Key takeaways
- ChatGPT, Perplexity, and other AI engines give different recommendations for real estate queries depending on the city -- what works in Austin won't automatically carry over to Denver or Nashville.
- Multi-location real estate brands need city-level AI visibility tracking, not just national brand monitoring.
- The prompts buyers and sellers use in AI search are highly specific: neighborhood names, price ranges, school districts, agent reputation. Your content needs to match that specificity.
- Tracking alone isn't enough -- you need to identify which prompts you're missing in each market and create content that fills those gaps.
- Tools like Promptwatch support city and state-level tracking, letting you monitor AI recommendations market by market and act on what you find.
When someone types "best real estate agent in Scottsdale for luxury homes under $2M" into ChatGPT, that's not a generic brand awareness moment. That's a buyer who has already narrowed their search, knows their budget, and is looking for a specific recommendation. If your brokerage isn't in that answer, you've already lost the lead.
The problem for multi-location real estate brands is that AI search doesn't work like a national billboard.
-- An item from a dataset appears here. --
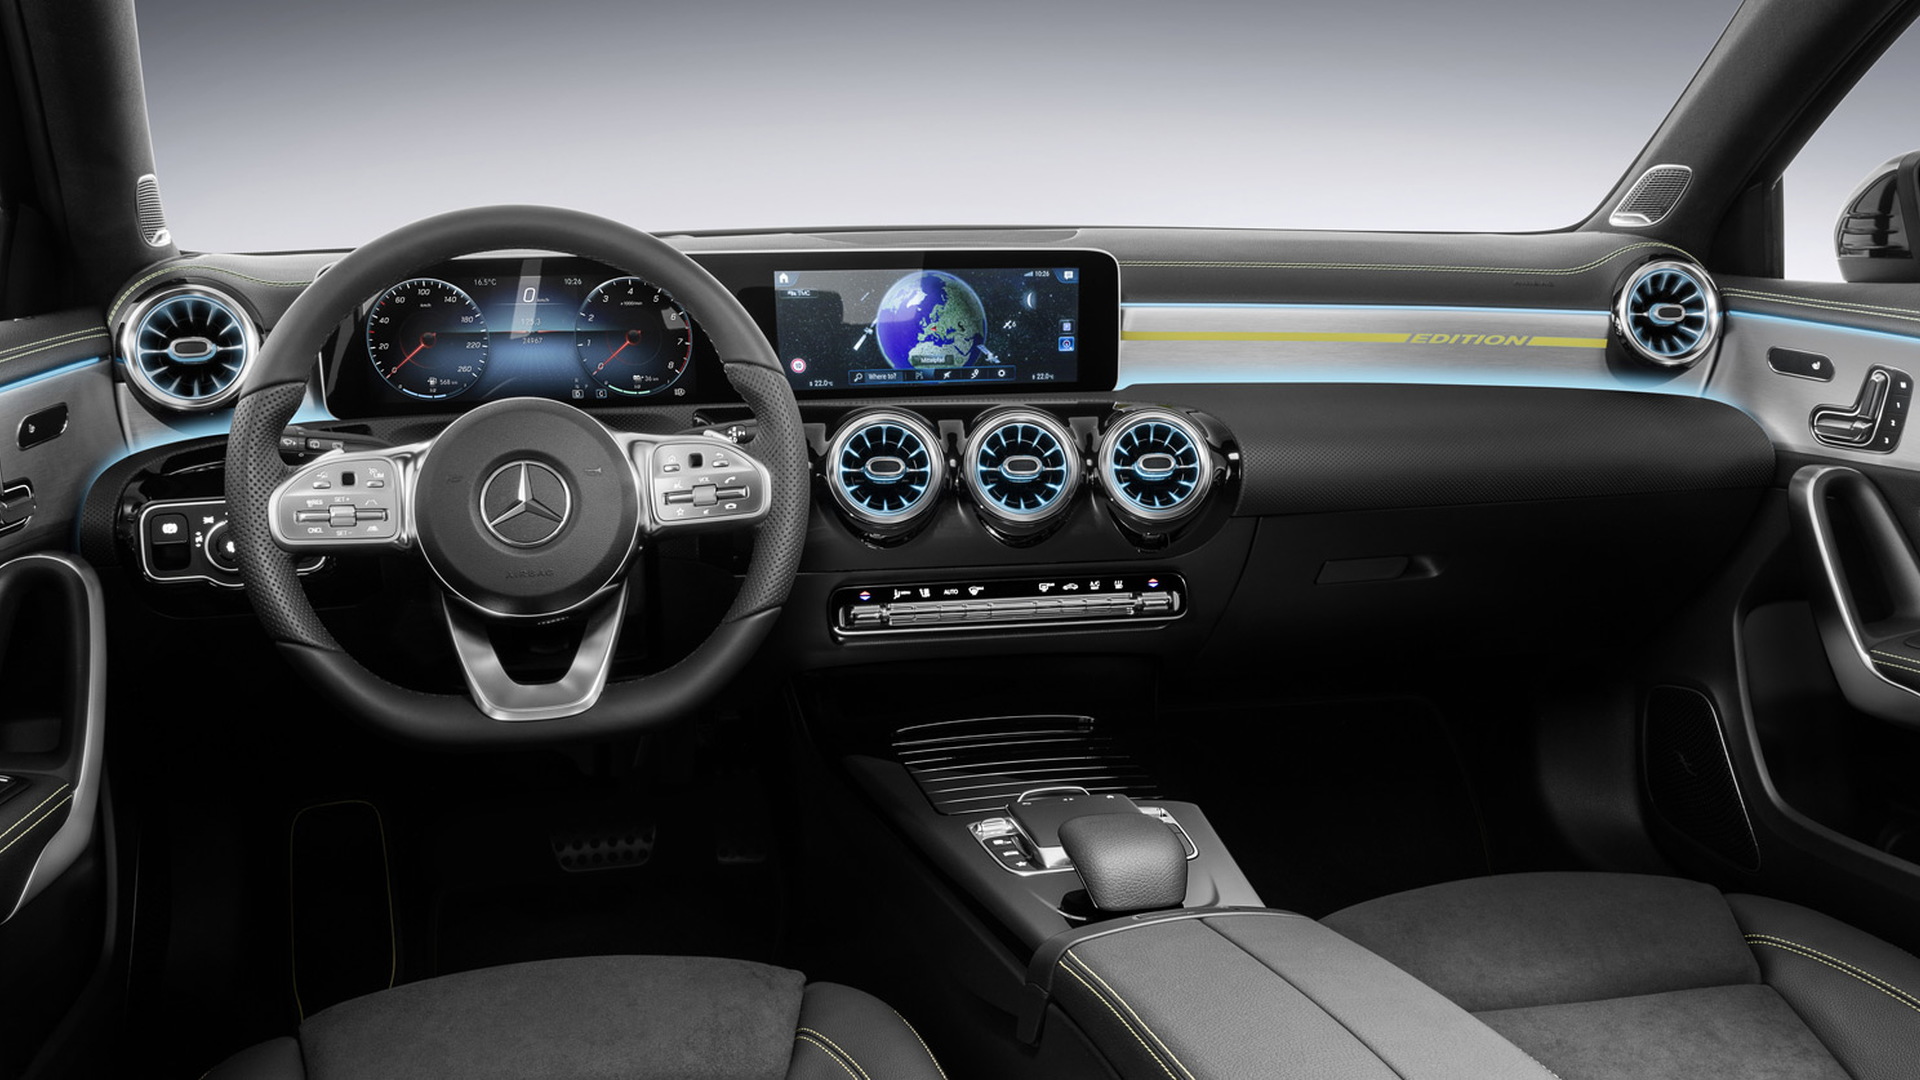 Interior design of next-generation Mercedes-Benz compact cars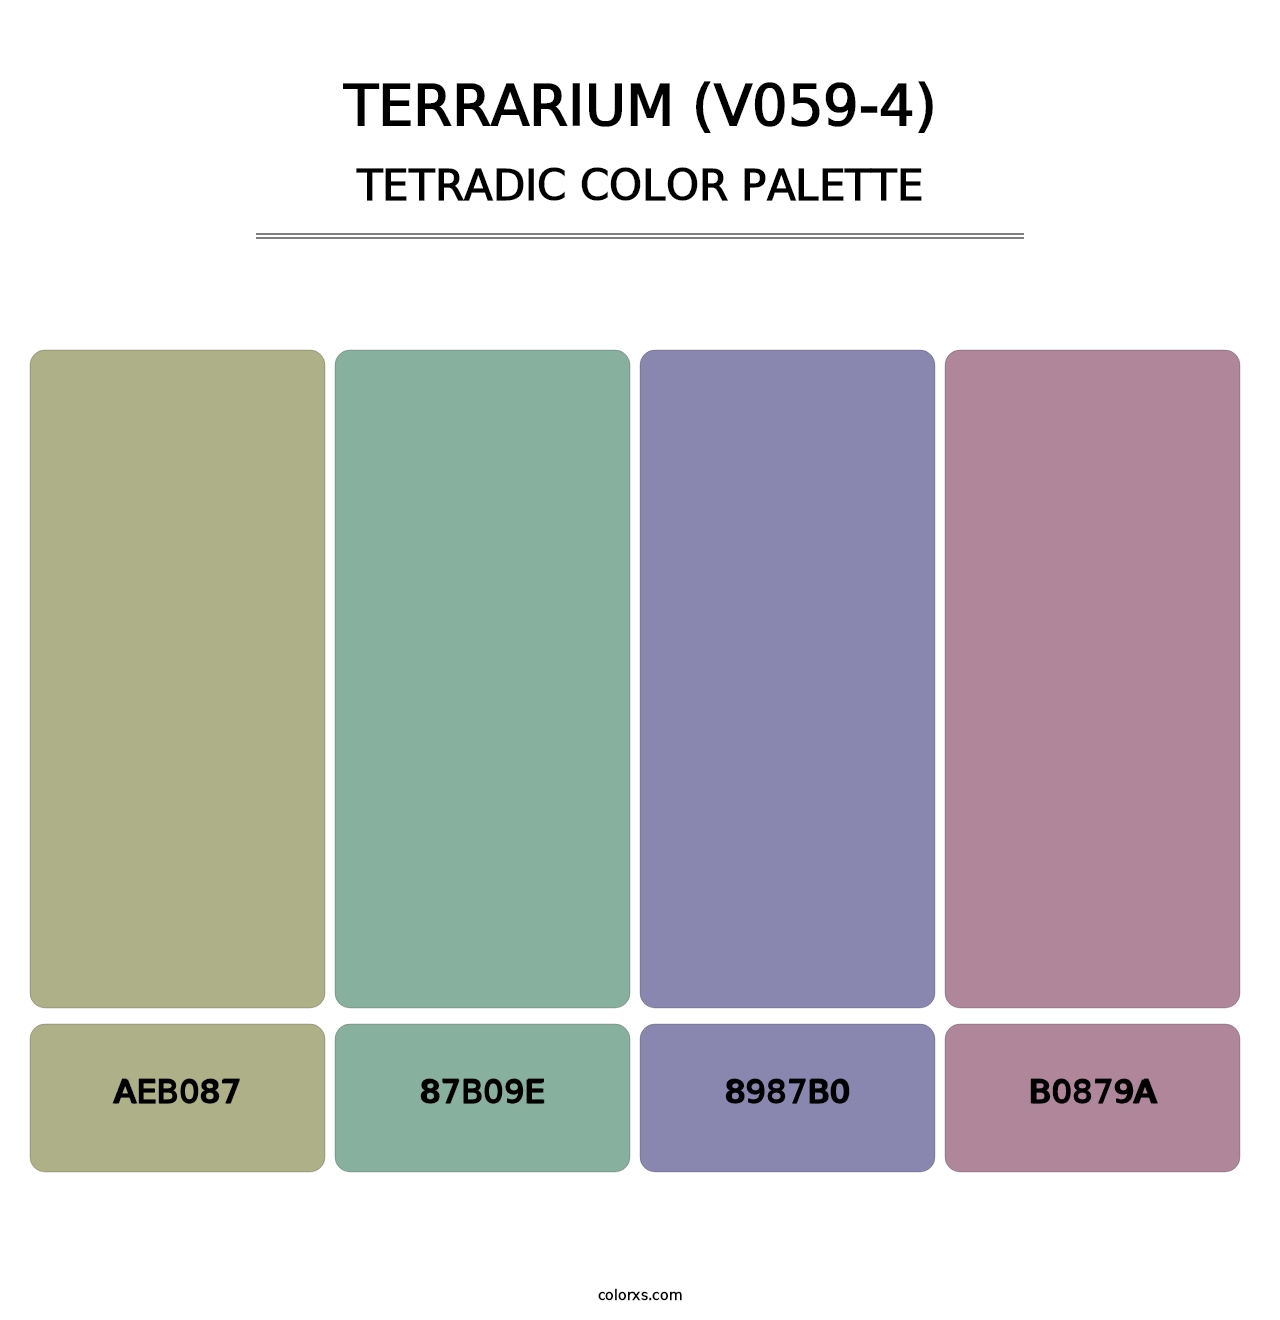 Terrarium (V059-4) - Tetradic Color Palette

ChatGPT, Perplexity, and Google AI Overviews synthesize local signals -- reviews, citations, neighborhood content, listing data -- and produce different answers for different cities. Your brand might be well-represented in Chicago but nearly invisible in Indianapolis. You won't know unless you're tracking at the city level.
This guide walks through why city-level AI tracking matters for real estate, what to monitor, and how to build a system that actually improves your visibility across every market you operate in.
Why AI search is different for real estate
Real estate is one of the most locally specific verticals in existence. A buyer in Portland asking about "family-friendly neighborhoods with good schools" is going to get a completely different answer than a buyer in Charlotte asking the same question -- and rightly so. AI models pull from local review platforms, listing aggregators like Zillow and Realtor.com, Google Business Profiles, and whatever content exists on the web about specific neighborhoods and agents.
This creates a real problem for regional and national brokerages. Your brand might have strong national SEO, a polished website, and thousands of reviews -- but if your Austin office has thin neighborhood content and your Denver office hasn't updated its Google Business Profile in eight months, those markets will underperform in AI recommendations regardless of your overall brand strength.
The other thing worth understanding: buyers are asking AI engines questions that are far more conversational and specific than traditional search queries. According to research from AdVenture Media, a typical high-intent AI search query looks something like: "What's the best neighborhood in Austin for families with a budget under $500,000, and who are the top agents I should talk to?" That's not a keyword -- it's a conversation. And the AI is going to answer it by pulling from whatever local content and citations it can find.

What city-level AI tracking actually means
Most AI visibility tools track brand mentions at the national or domain level. You get a score, you see whether ChatGPT mentions your brand, and you move on. That's fine for a single-location business. For a brokerage with offices in 15 cities, it's nearly useless.
City-level tracking means running prompts that are specific to each market you operate in:
- "Best real estate agents in [city]"
- "Top brokerages for first-time buyers in [city]"
- "Who should I use to sell my home in [neighborhood], [city]?"
- "What are the best neighborhoods in [city] for young professionals?"
- "Real estate agents in [city] with the best reviews"
You need to run these prompts across multiple AI engines -- at minimum ChatGPT, Perplexity, and Google AI Overviews -- and track whether your brand appears, where it appears, and what competitors are getting recommended instead.
The volume of prompts adds up fast. If you operate in 20 cities and want to track 10 prompt variations per city across 3 AI engines, that's 600 data points per tracking cycle. Manual tracking is not realistic at that scale.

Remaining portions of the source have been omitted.